Be aware that the fat found in red meat provides lots of flavor if heated to a temperature where it melts, but it is not tasty in its original form. That’s why fine, marbled cuts are not as suitable for the sous vide method at low temperatures. (But you can raise the heat a little, see Sous vide – slow cooking above.)
Hamburgers sous vide
A hamburger made from prime, newly ground beef should have a pink core. Woith the sous vide method you can cook a flawless medium rare patty. Round off with a quick, superficial sear in the frying pan.
Fish sous vide
”Meaty” chunks of white or red fish go best with sous vide. Tender fish, flat fillets, and whole fish can be tricky to vacuum-pack.
Professional chefs agree (for once…) that the core of perfectly cooked white fish should look like mother of pearl. But when it comes to salmon, there is some disagreement whether it should have a “transparent” character or not (the slower you cook it sous vide, the more transparent it will turn out even when cooked through). With a sous vide you can experiment until you find exactly the degree of doneness you want. Somewhere just below 50°C (122°F) is a good place to start.
Game meat sous vide
Steaks, fillets, and breast from game turn out great when cooked with this gentle method. It brings out the deep flavors in the special character of the meat (coarse muscle fibers).
A small warning: The finest fillets of game, for example from roe deer, can develop a “mushy” texture if cooked at a temperature that is too low. In this case it might be a better idea to skip the sous vide and to go for a few minutes in a very hot skillet instead. Let the residual heat do the rest and cut in thin slices – with an almost raw core – before serving.
Useful to know about protein
Protein that is cooked very slowly and carefully – like in a sous vide – is not subjected to ”shock” in the same way as in, for example, a frying pan. The meat does not contract as much and the juices are not forced out of the fibers to the same degree. Therefore the final result can have a somewhat different appearance when cooking sous vide:
- Red meat appears more red (and the color is evenly distributed).
- Pork can appear pink – even when it has reached a ”safe” temperature.
- Breast of chicken can also have a pink hue although it has reached a safe temperature.
- Cooked fish may look more transparent than when boiled or fried.
Vegetables sous vide
A big advantage when cooking greens sous vide is that the mild flavors are conserved and concentrated. When boiling them, for example, a lot of flavor is lost to the surrounding water.
Eggs sous vide
In a monitored water bath you can cook the white and the yellow to exactly the degree that you want. The sous vide dish ”65 degree eggs” (150°F) is a bit of a modern classic.
Sauces, ice cream, chocolate, dough
Ingredients for sauces and desserts often need to be warned up slowly to low and exact temperatures before being whisked into a tasty batter, paste, or dough. A sous vide gives you absolute control.
Sous vide for nerds
The origins of the sous vide technique were invented/discovered in 1799 by the inventor Sir Benjamin Thompson. In 1960 the food industry started using the technique for preserving food.
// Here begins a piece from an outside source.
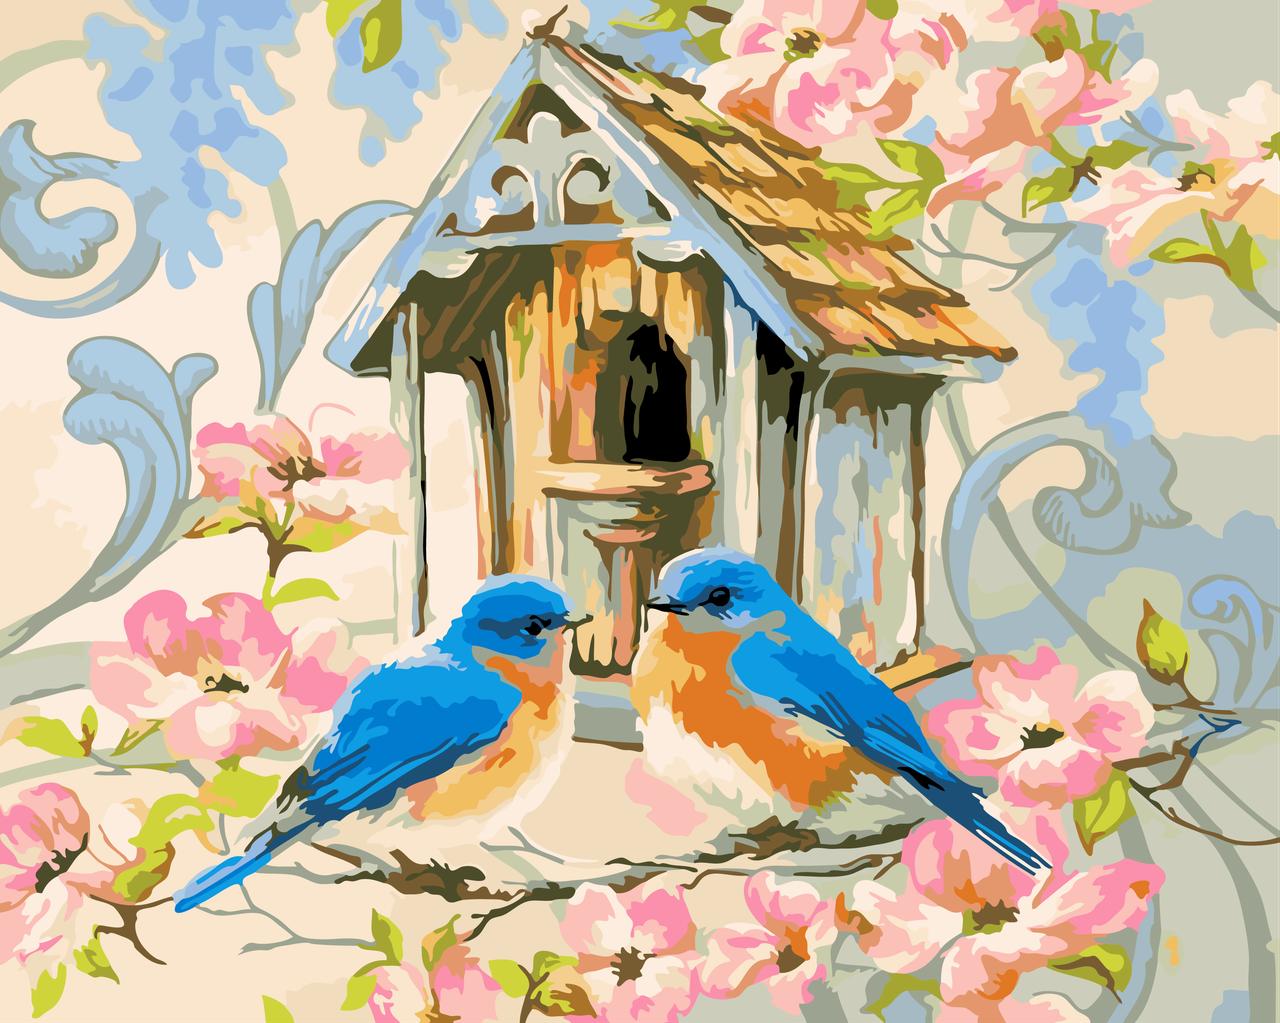 """Картина по номерам """"Птичкин дом"""" 40*50см"""

In the seventies the technique was developed further by Georges Pralus at the French restaurant Troisgros. He reputedly used it for goose liver paté – foie gras – because he thought it developed a better shape, texture, and flavor when subjected to even temperatures in a water bath.
Bruno Goussault, another Frenchman, took it even further by making detailed charts over ingredients and their respective times and temperatures when cooking sous vide.
Today molecular chef Heston Blumenthal (Michelin awarded The Fat Duck in Berkshire, England), among others, is an advocate of sous vide.